- Orin Lehman, on forearm crutches, speaking at a podium with ICD insignia and a banner reading, "United Cerebral Palsy."
- Born: January 14, 1920 Manhattan, New York, US
- Died: February 22, 2008 (aged 88) Manhattan, New York, US
- Education: Princeton University (B.A.) New York University (M.A. and Ph.D.)
- Known for: Commissioner of New York State Office of Parks and Recreation
- Spouses: ; Jane Bagley ​ ​(m. 1962, divorced)​ ; Wendy Vanderbilt ​ ​(m. 1970; div. 1995)​
- Partner(s): Joan Rivers (1993–2001) Monique Van Vooren (2001–2008)
- Children: 3

= Orin Lehman =

Public servant in New York, US

Orin Allan Lehman (January 24, 1920 - February 22, 2008) was an American public servant who served as New York State’s longest-serving commissioner of New York State Office of Parks and Recreation.

==Early life==
Lehman was born to a Jewish family of German-Jewish origins in Manhattan on January 24, 1920, the son of Evelyn (née Schiffer) (1893–1970) and Allan Lehman (1885–1952). He was the great-grandson of Mayer Lehman and great-nephew of Herbert H. Lehman, former New York governor and United States senator.

In 1942, he graduated with a B.A. from Princeton University. In 1956, he earned a M.A. in American history from New York University and in 1961, he earned a Ph.D. in American history from New York University.

==Career==
After college, he served as a pilot in the U.S. Army Air Force during World War II and was seriously injured during the Battle of the Bulge, resulting in the loss of one of his legs and damage to the other. He was awarded the Distinguished Flying Cross and the Purple Heart. After the war, he helped to establish (along with Eleanor Roosevelt and Bernard Baruch) to start Just One Break, a charity dedicated to helping disabled people find employment.
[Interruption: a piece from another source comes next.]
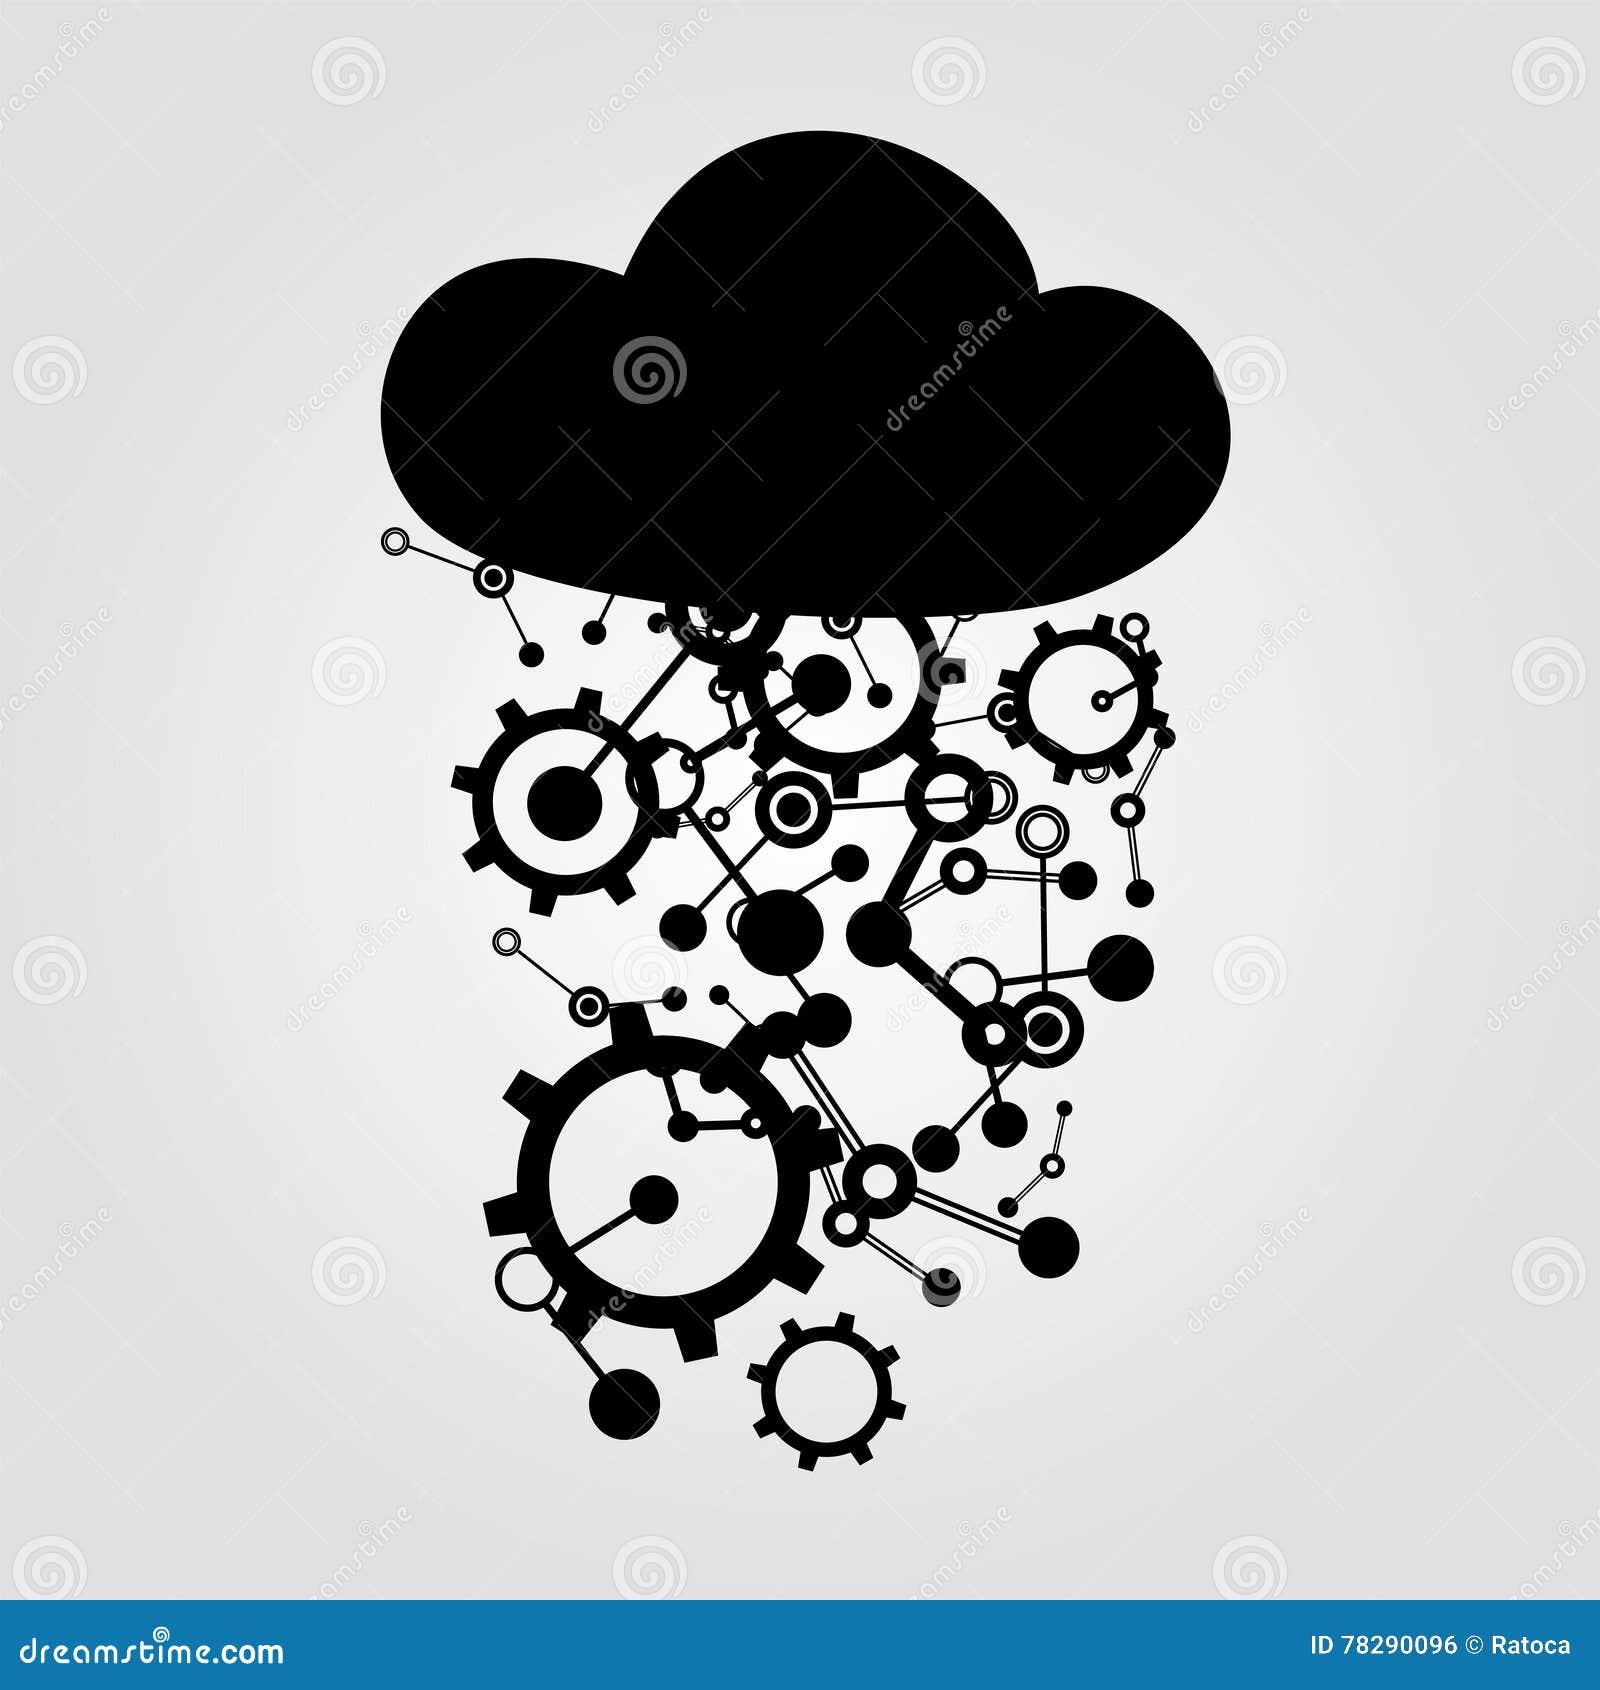 Tech cloud symbol stock vector illustration of tech 78290096 tech cloud symbol industrial configuration biocorpaavc Gallery

In 1947, Lehman worked as an associate for the family firm, Lehman Brothers.

===Political career===
In 1950, President Harry S. Truman appointed him to the advisory board of the Economic Cooperation Administration which administered aid to Europe under the Marshall Plan and then served as United States delegate to the United Nations Conference on Trade and Development. Lehman was a sponsor of a fundraising committee organized by the Cuban Families Committee for Liberation of Prisoners of War, which sought to raise money to pay the ransom set by Fidel Castro for the release of those taken captive as a result of the Bay of Pigs Invasion.
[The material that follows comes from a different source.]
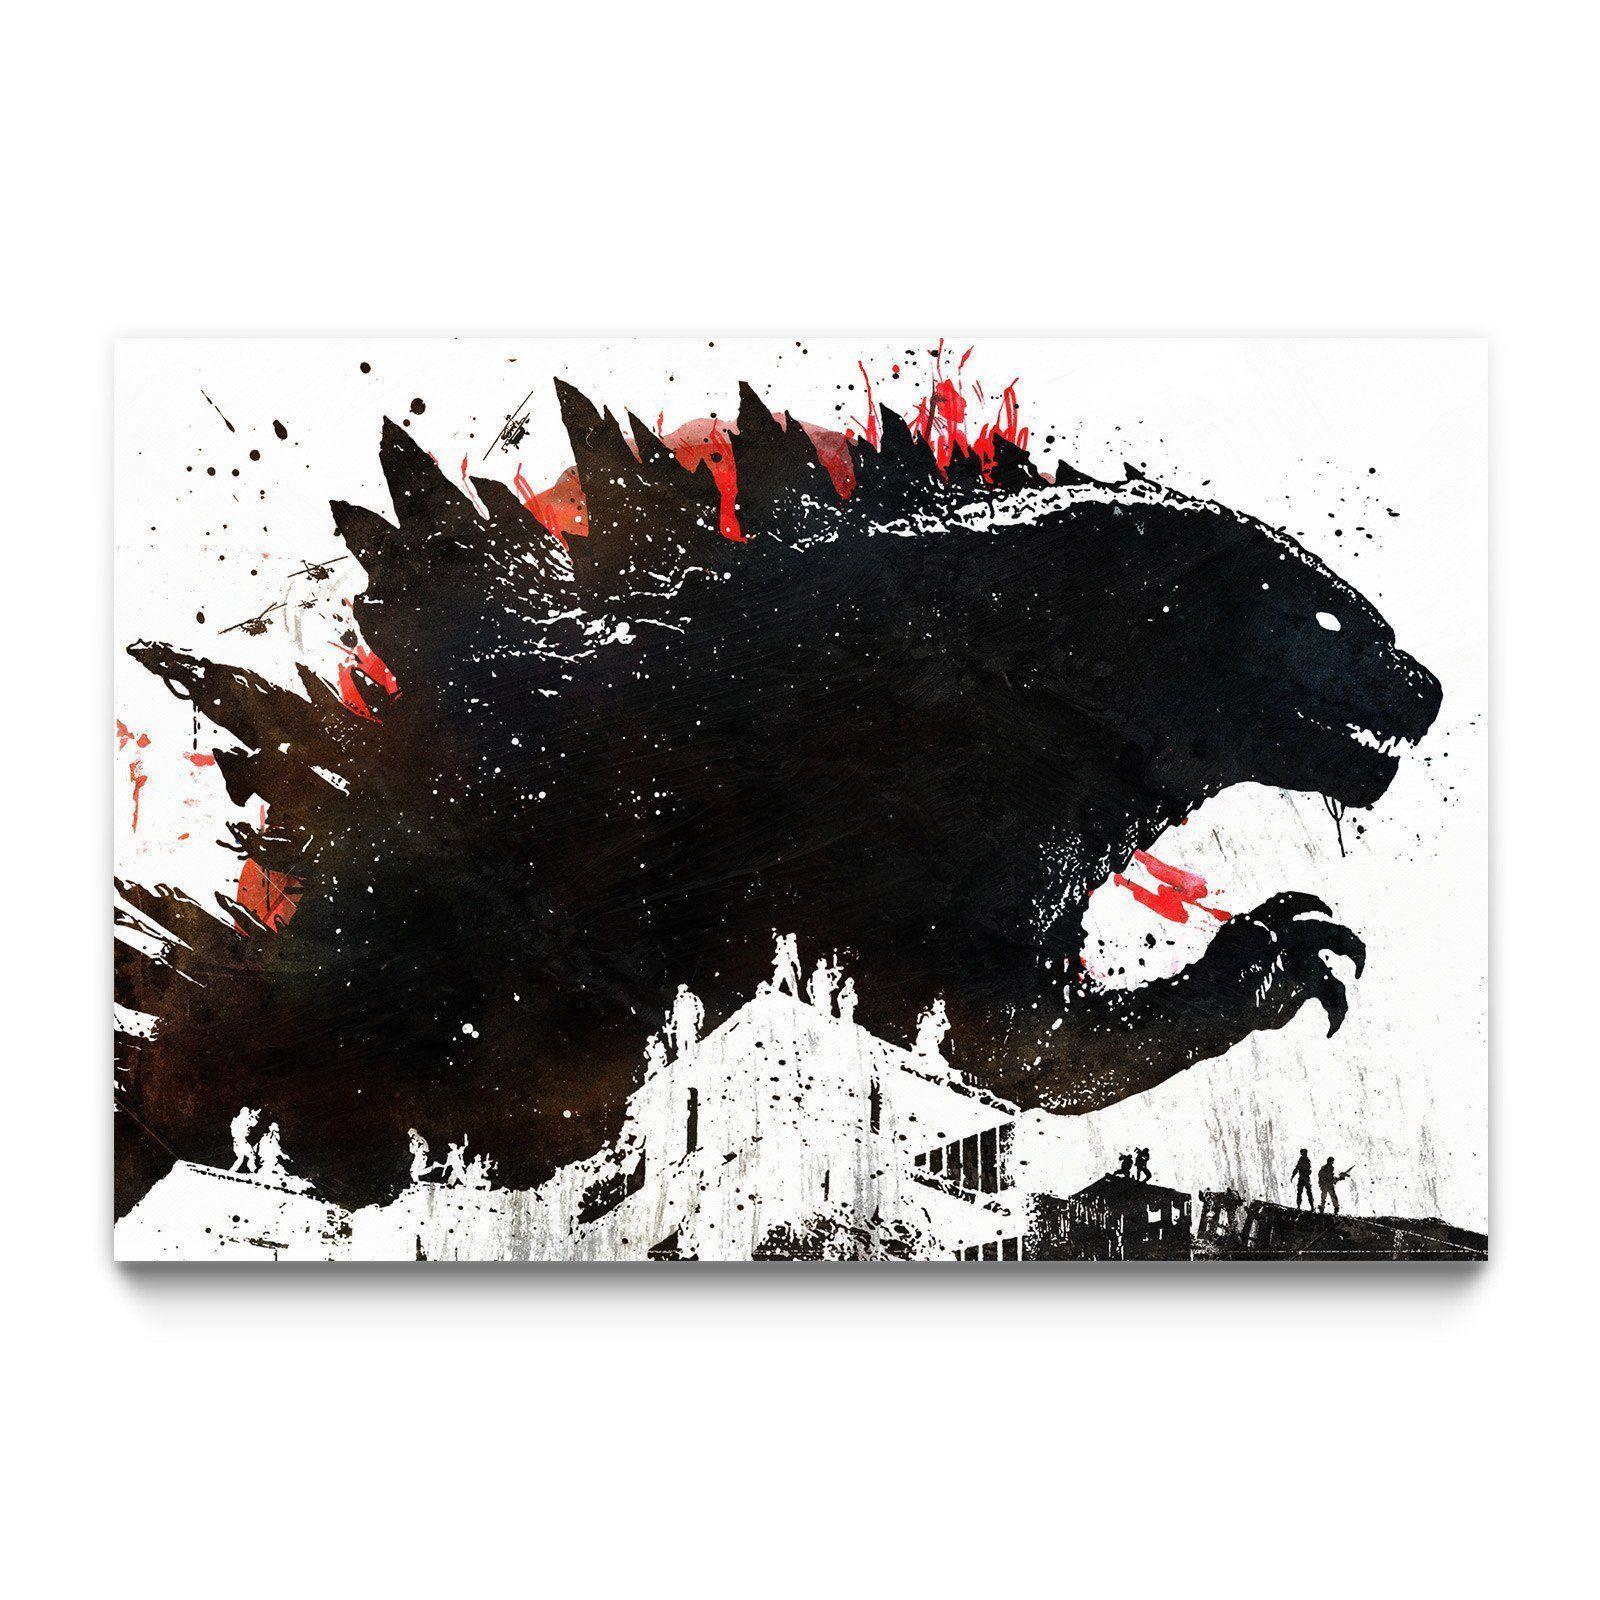 Monster Godzilla wallpaper, Godzilla tattoo, Godzilla

In 1965, he unsuccessfully ran for New York City comptroller in 1965 and in 1966, he unsuccessfully ran for Congress. In 1973, he was a member of the New York City Board of Corrections. In 1975, Governor Hugh L. Carey appointed him as commissioner of New York State Office of Parks and Recreation succeeding Robert Moses where he served until 1993.

==Personal life==
Lehman was married twice. His first marriage was on July 24, 1962, to Jane Bagley, a Carnegie-Mellon Institute graduate who was a granddaughter of R. J. Reynolds. They divorced, and Jane remarried, to yachtsman S. A. Long, before her death in 1988. Before their divorce, they were the parents of one daughter:

- Susan Lehman Carmichael (born 1965), who married Trent Carmichael in 1992.

In 1970, he married for the second time, to Wendy Maria Vanderbilt (1939–2016), daughter of Alfred Gwynne Vanderbilt Jr. Before their divorce in 1995, they were the parents of two daughters:

- Brooke Lehman (born 1972)
- Sage Lehman (born 1975), who married Christopher Ronis in 2009.

He was in an eight-year relationship with comedian Joan Rivers.

In 1970, he tried his hand at producing the off-Broadway play The Effect of Gamma Rays on Man-in-the-Moon Marigolds by Paul Zindel, which won the Pulitzer Prize for best drama.

Lehman died on February 22, 2008, of pneumonia, at his home in Manhattan. His partner at the time was actress Monique Van Vooren.